Transportation agencies could go one step further and add COVID-19-related questions to travel diary surveys. These questions could ask respondents about their reasons for not traveling that day and why they chose one mode instead of another. Questions could also focus on deliveries to help quantify the shift (if any) to online shopping or grocery delivery. These questions will allow agencies to later quantify the impact of COVID-19 on travel behaviors.

Apart from updating survey instruments, transportation agencies can also stay ahead of changes by monitoring key federal surveys like the census and the National Health Interview Survey. These federal surveys will likely employ best practices as surveys evolve and adapt to the presence of COVID-19 in communities.

Similarly, surveys that require in-field interviews, meetings, or focus groups will require different actions given the increased risk for person-to-person transmission in these settings. To that end, transportation agencies can take proactive steps by consulting guidance from the Centers for Disease Control and modifying their practices accordingly.

Overall, the steps an agency would take to mitigate the effects of COVID-19 in many ways mirror contingency planning protocols for natural disasters or other events. In both cases, surveys must anticipate and plan for the unexpected and adapt accordingly.

Transportation agencies can play an important role during broader public responses to COVID-19

While the bulk of the effort of responding to COVID-19 will fall to regional health agencies, hospitals, and care facilities, transportation agencies can still prepare for and support the overall response.

In the case of a localized outbreak, transportation agencies can anticipate and plan for major disruptions to airports and the local transit system.

That said, there are still many unknowns about what the effects of such outbreaks will be on individual travel choices.
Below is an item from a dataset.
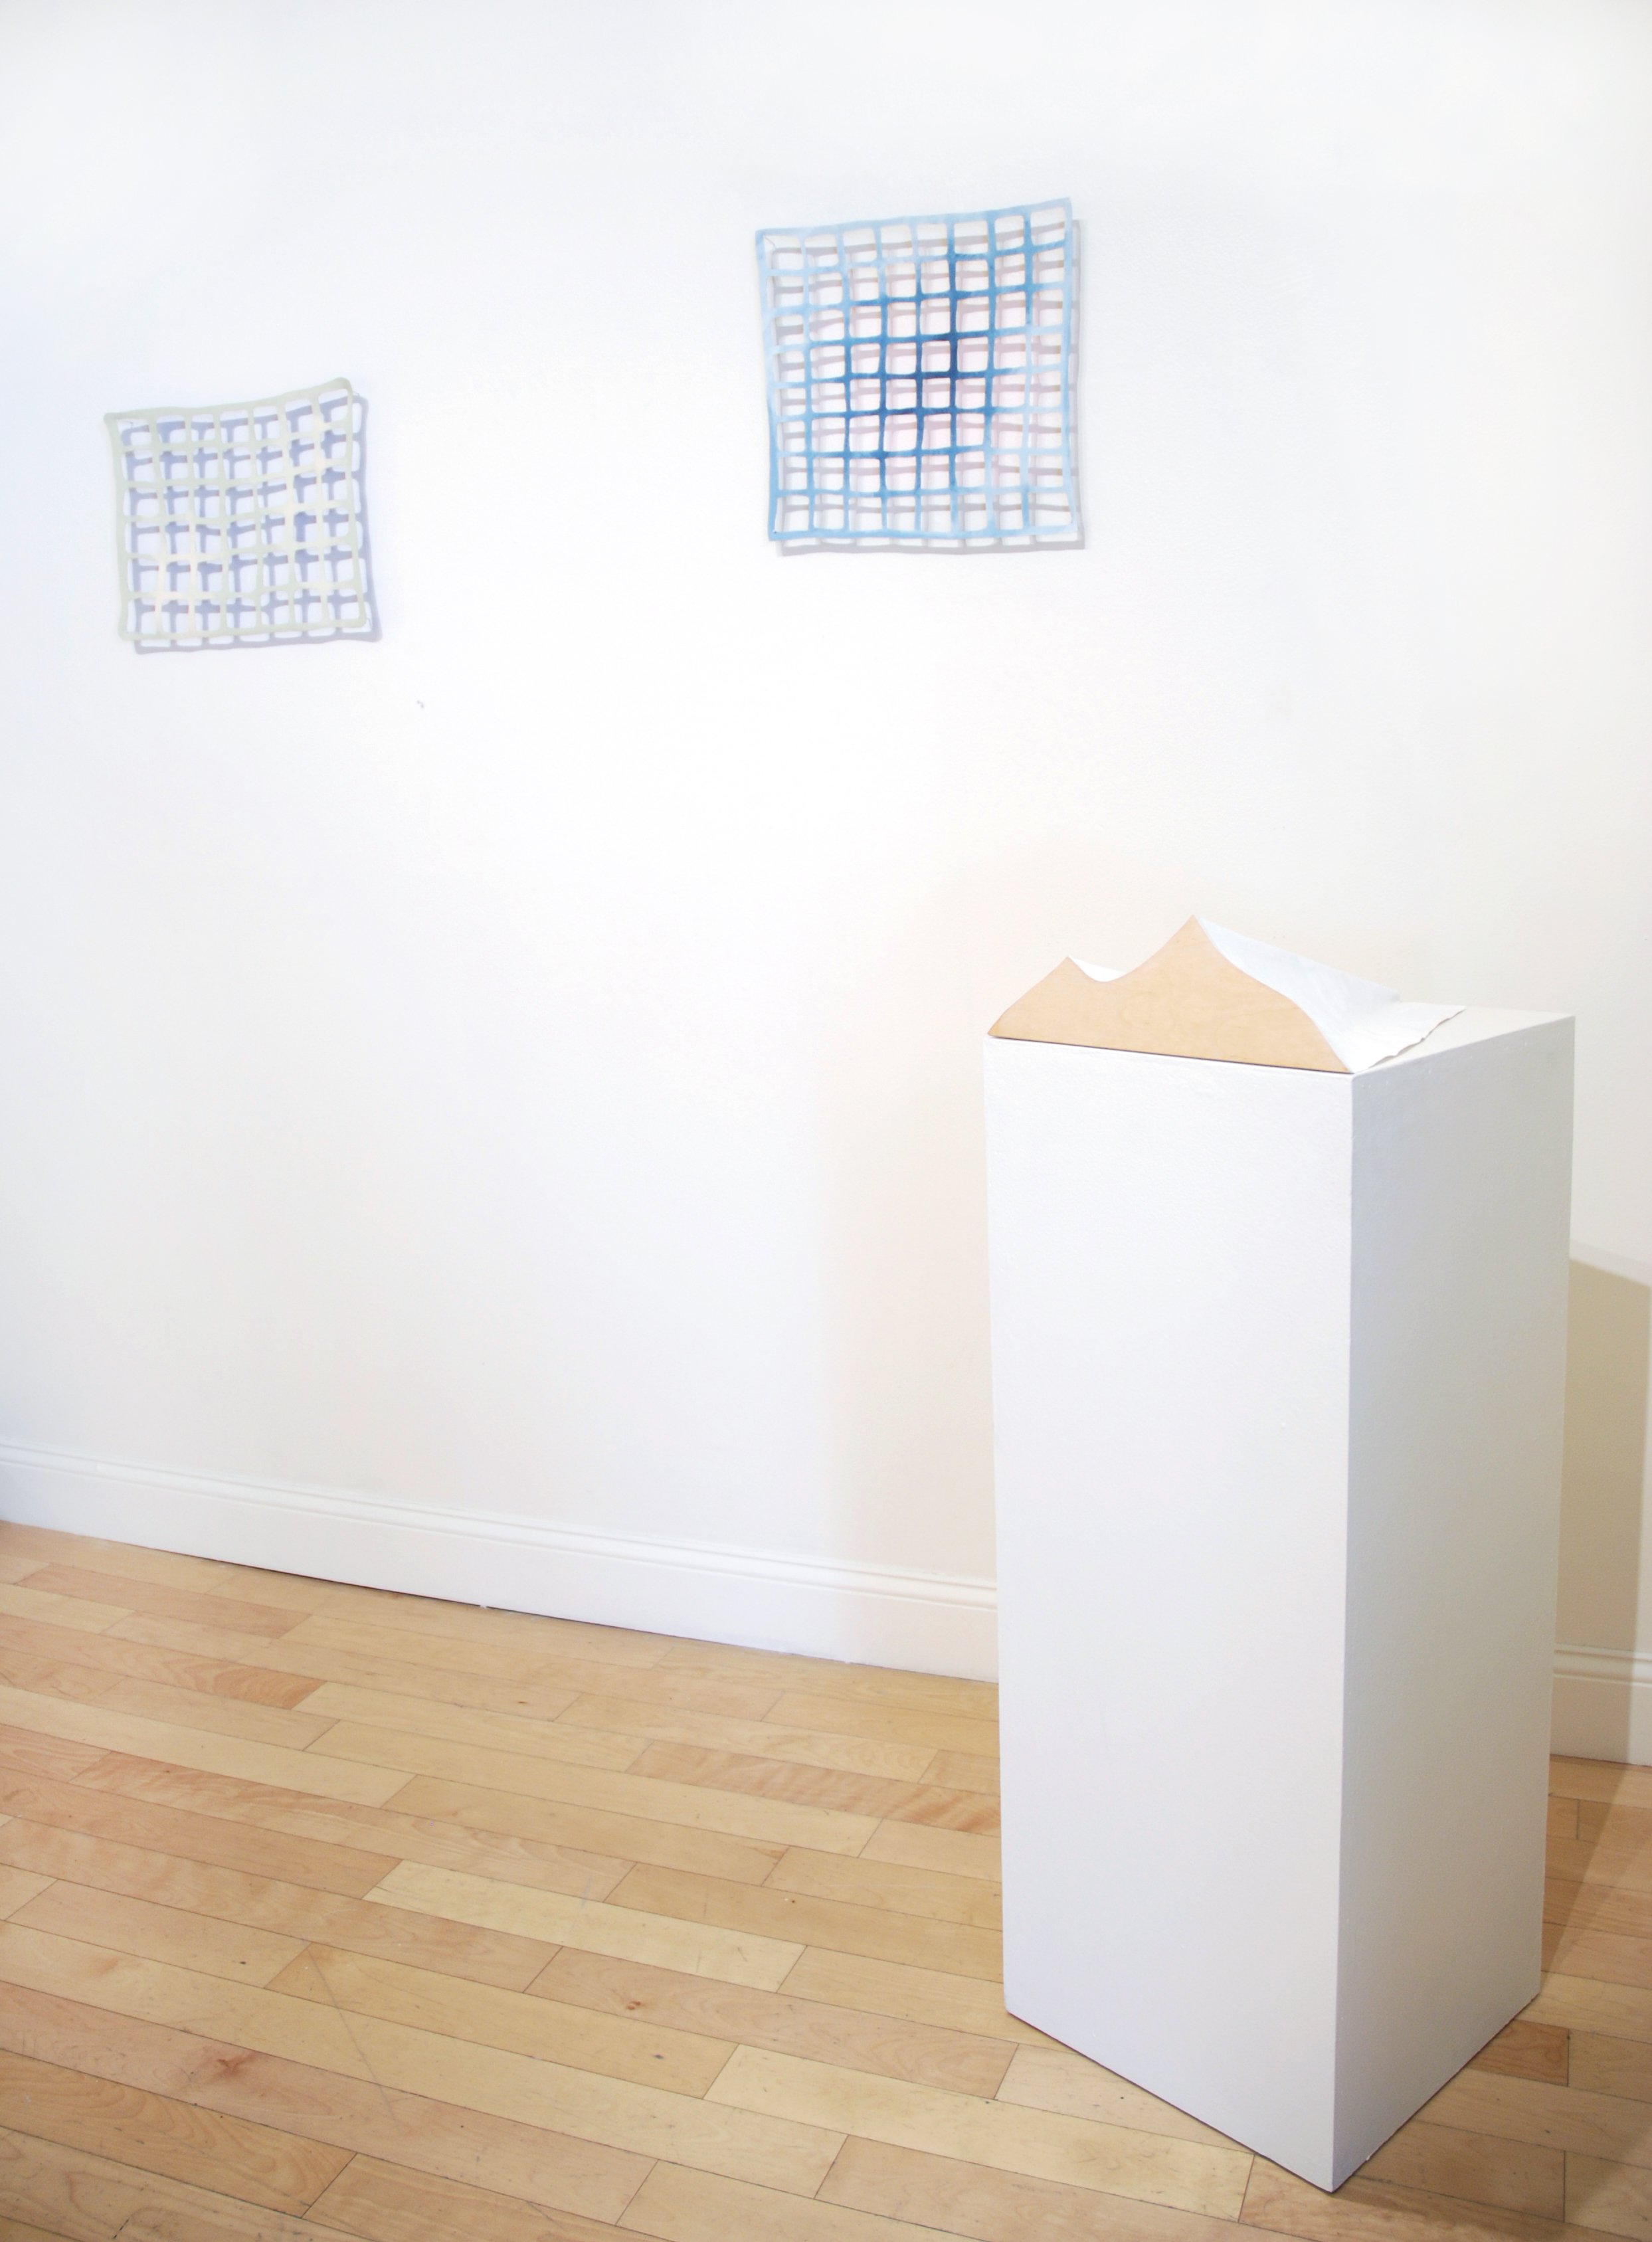 Truth of the Matter, installation view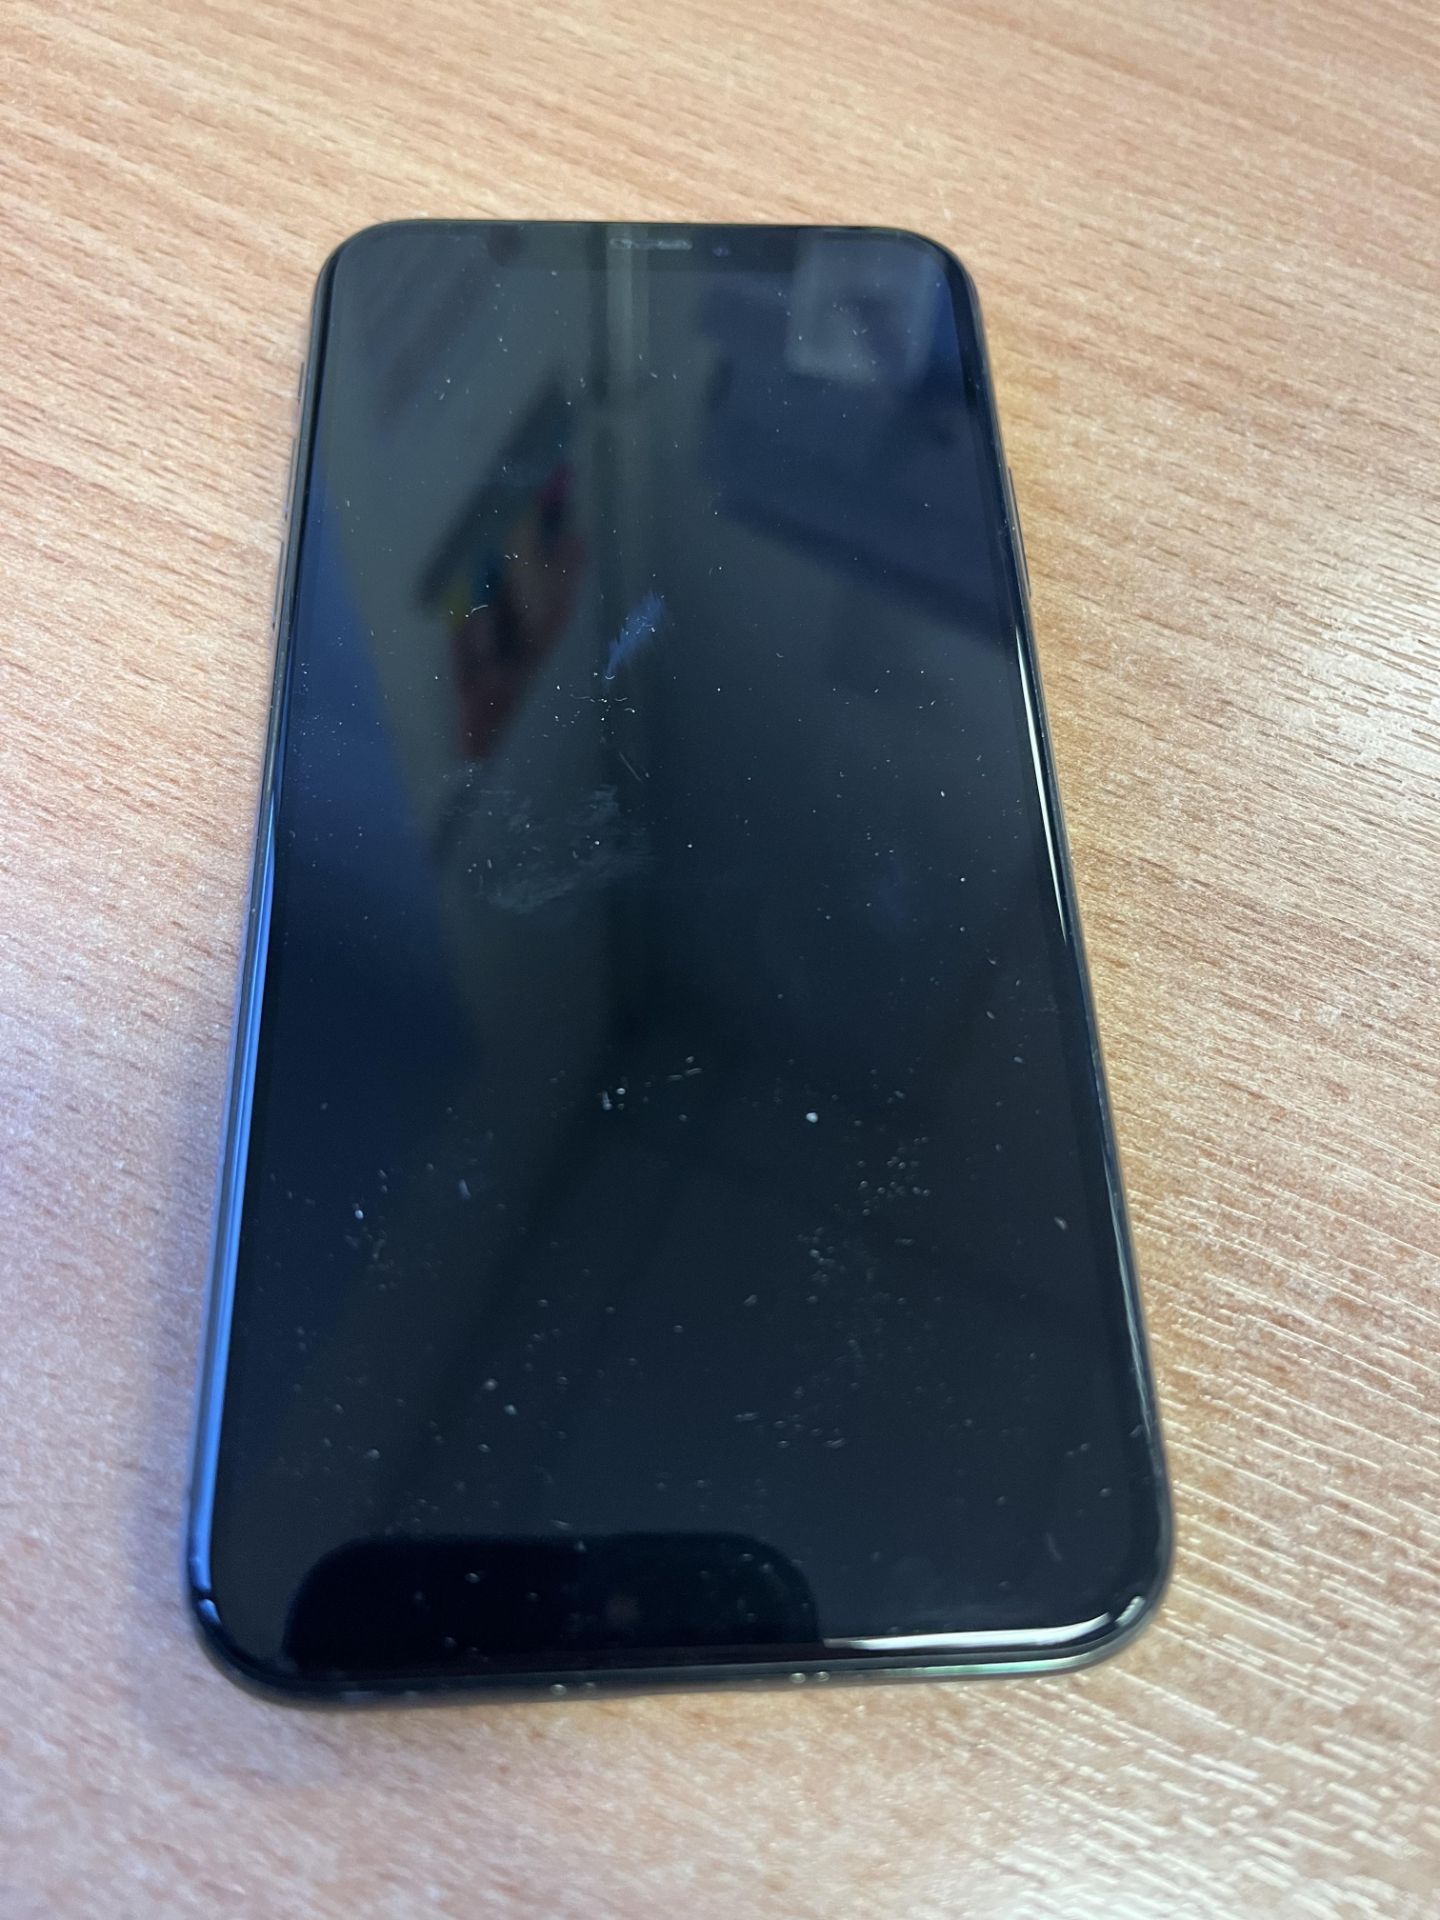 2x iPhone X's. No chargers, unknown condition. - Image 2 of 4

Even Lyft and Uber appear to disagree over whether COVID-19 will result in more or fewer trips by individuals using their ride-hailing services.

Despite these uncertainties, transportation agencies can also prepare for and support access planning for medical centers and other locations likely to see an influx of travelers during a COVID-19 outbreak.

Supportive efforts in these cases could include additional signage or shuttle bus services; planning would mirror event access planning, though the durations may exceed short-term events depending on how long the outbreak lasts.

Finally, in the event of continued community spread of COVID-19, data on people’s movements and travel will also take on newfound importance as part of contact tracing efforts for those affected. Transportation agencies can support these efforts by making sure traffic count, toll, and transit data are all up to date and accessible in the event they are needed.

COVID-19 requires agile, outside-the-box thinking

In just two months, COVID-19 went from a disease no one had ever heard of to an emergent public health threat necessitating sometimes drastic government-led efforts to contain it.

Transportation agencies should manage these risks by adopting individualized contingency plans that include go/no-go recommendations for travel survey research programs not yet underway.

As a partner to many transportation agencies grappling with these questions and unknowns, RSG stands ready to provide timely, high-level travel information for areas affected by COVID-19.

By leveraging our passively collected location-based services data engine, we are monitoring key travel markets across the United States each day. These data can be segmented by trip purpose and be used to inform survey data collection period decisions in the event a systemic drop off or reduction in travel is observed in a region affected by COVID-19.

By asking these questions now, transportation agencies can also begin taking appropriate actions to preserve the representativeness of the data they’re collecting while developing a framework to support current and future preparedness efforts.